I was reading through Psalm 50 today, and the last part of it struck me.
“What right have you to recite my laws
or take my covenant on your lips?
17 You hate my instruction
and cast my words behind you.
18 When you see a thief, you join with him;
you throw in your lot with adulterers.
19 You use your mouth for evil
and harness your tongue to deceit.
20 You sit and testify against your brother
and slander your own mother’s son.
21 When you did these things and I kept silent,
you thought I was exactly like you.
But I now arraign you
and set my accusations before you.
22 “Consider this, you who forget God,
or I will tear you to pieces, with no one to rescue you:
23 Those who sacrifice thank offerings honor me,
and to the blamelessI will show my salvation.”

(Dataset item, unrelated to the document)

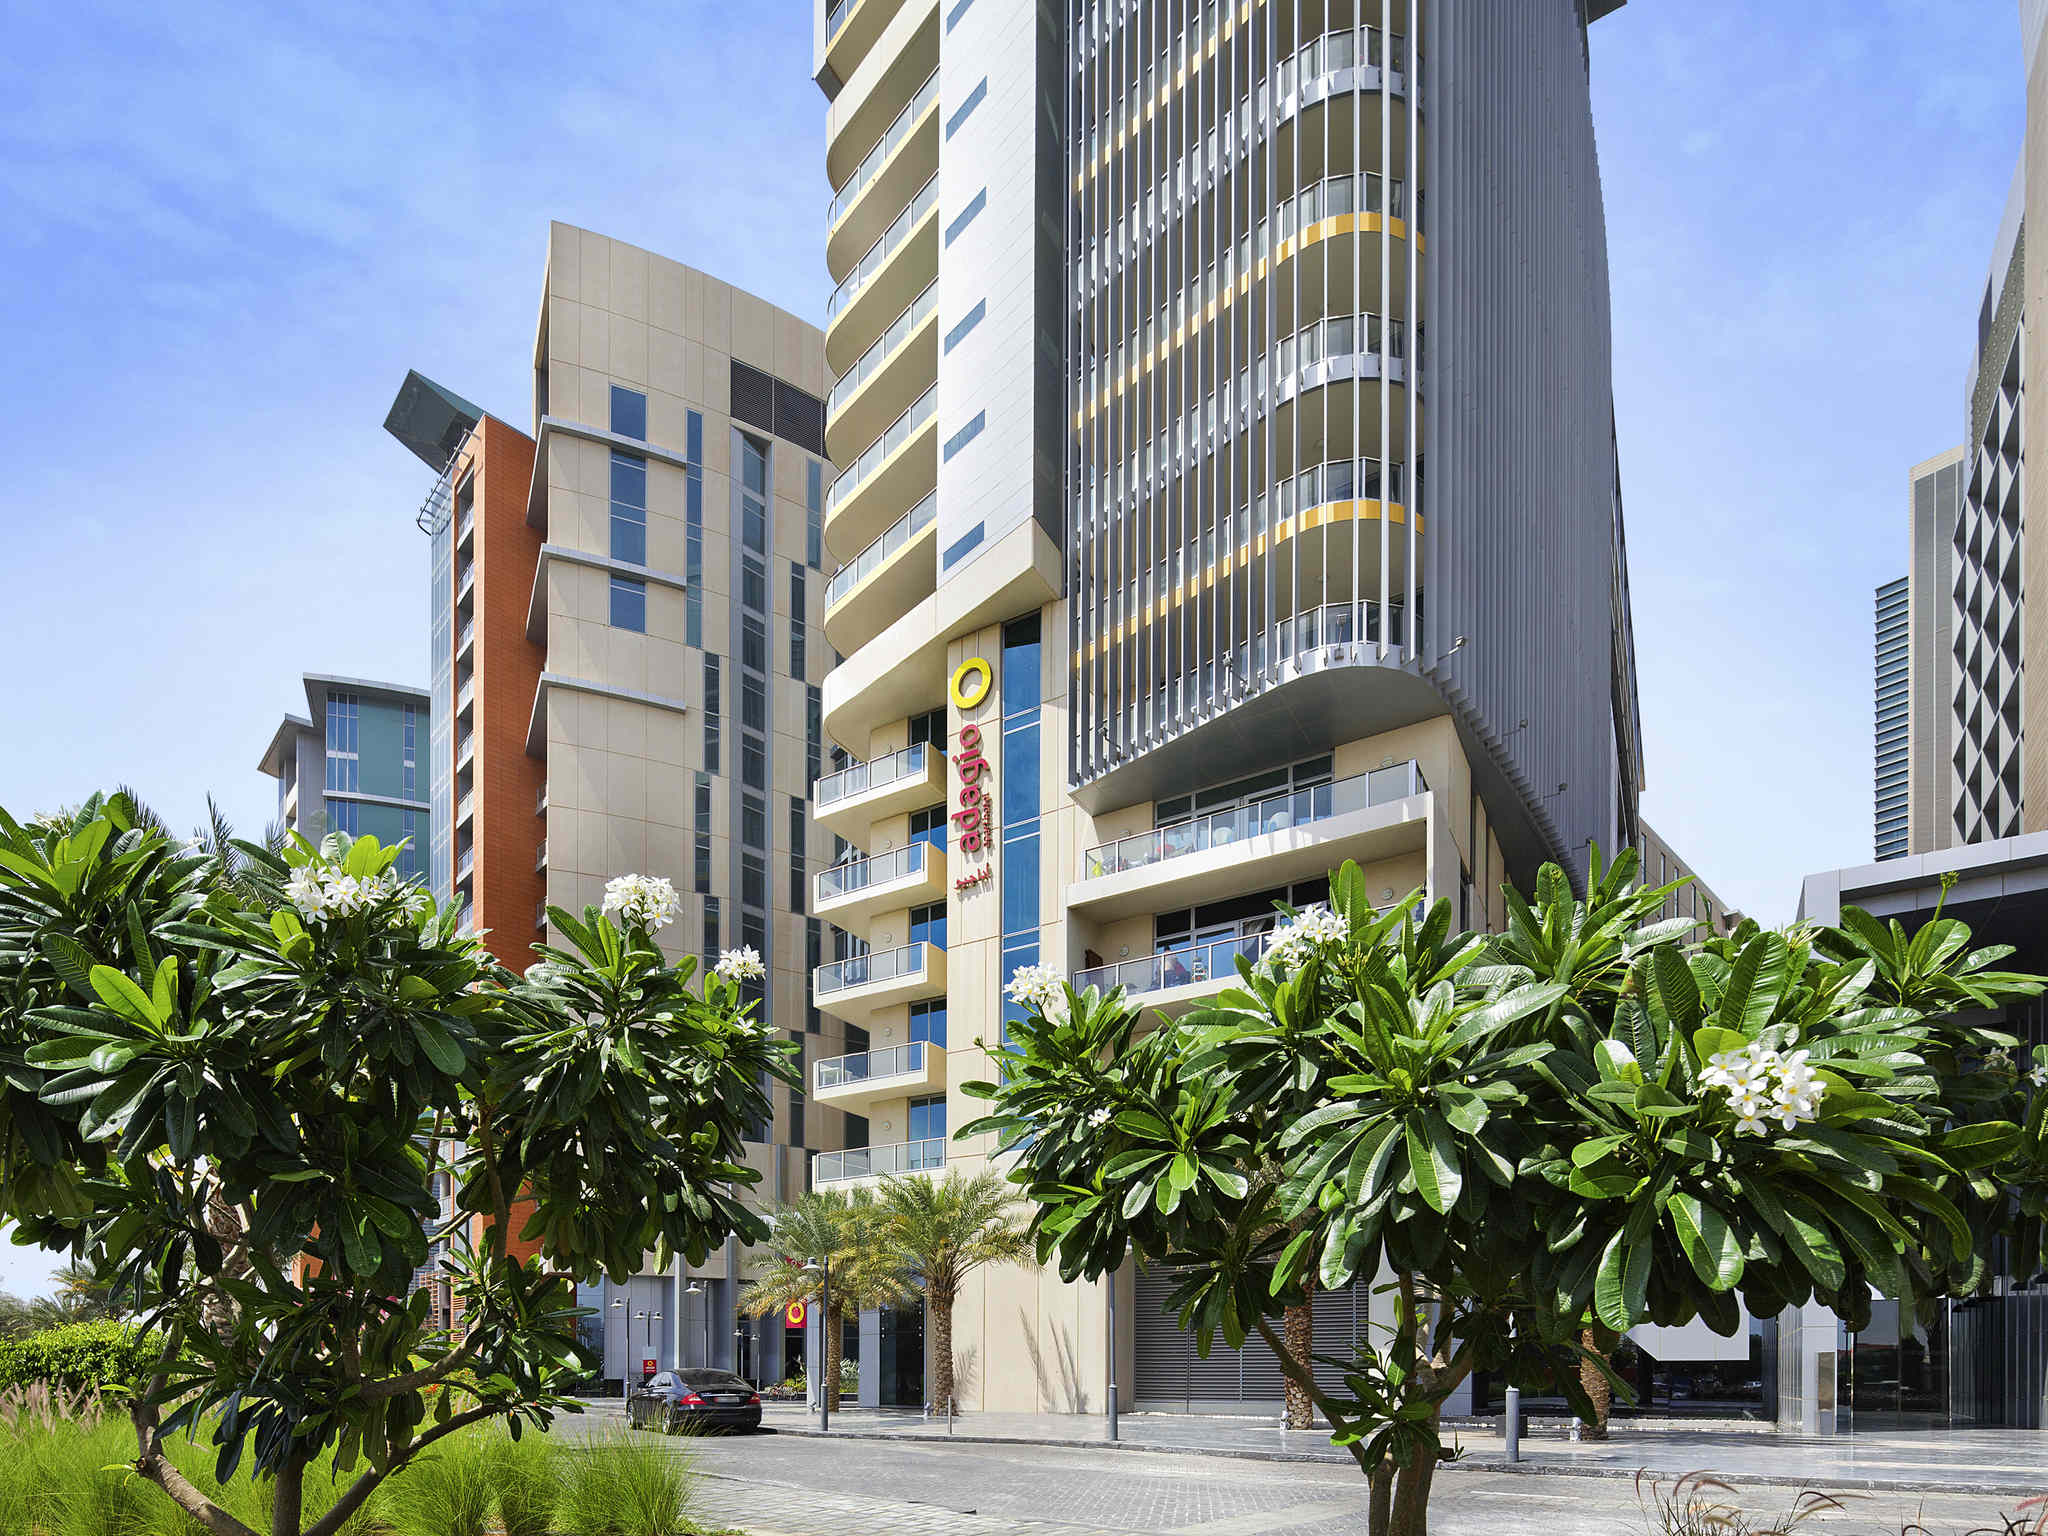 Hotel In Abu Dhabi Aparthotel Adagio Al Bustan With Pool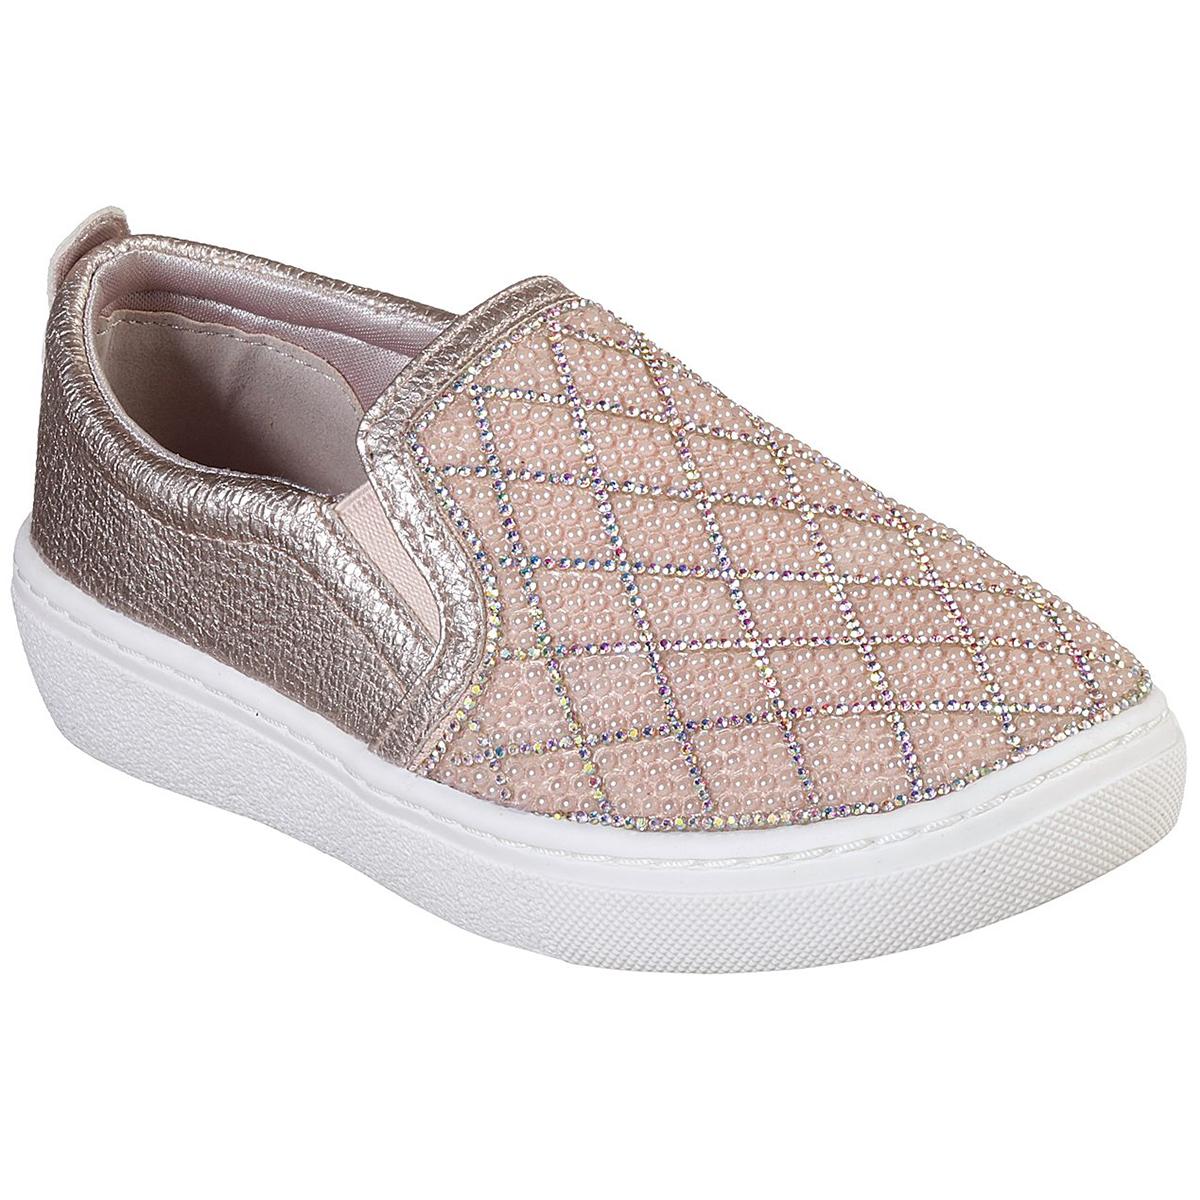 Skechers Little Girls' Goldie Diamond Darling Slip On Sneakers - Red, 3.5

Many times we do things, thinking that by it we are pleasing God. But really, what He desires, we do not do. If you ask me whether I want to know God, I’d raptly reply yes. Yet with hundreds of books I’ve read, the words of God was the one book I started and not finished. Tens of thousands of pages I’ve read, yet not couple hundred pages of the Bible. Sure I delight in His instruction. I delight in the superiority of the moral standard it entails. Yet I do not feel compel to ingrain it in my life. Yes through Christ we have salvation. But to be born again entails death to the old and birthing of the new. Even then I hold on to the past, I have things that I cannot let go. Dark places in the heart that I wish not it be seen. We can keep on waiting and waiting, asking God to change us, yet we move not. We do a lot of things in church, thinking that it pleases God. And when He is silent, we take it for approval. And overtime, we made God in our image. If we feel He is distant, it is because we are distant. We can wait and wait, and keep asking for God to change us. But if we don’t do our part, He cannot do His. For in surrendering, we are not asking to become puppets, but our will becomes a sail, gently guided by His breath. When the songs we sing, become the meditation of our hearts. When the vows we make, becomes a reality. When the words we say, become genuine praises of thanksgiving. We will have been different. Reaching on to perfection. Full of righteousness and truth. The road is hard, and the path is tough. For we wage war against ourselves, against everything we’ve ever known, everything we’ve ever been accustomed to. But we are not alone. If God is with us, who can be against us. So I continue to press on. I stumble. I fall. I stand up again. I will not stop until I run to the finish line. And there to see Him face to face and there to hear Him say, well done.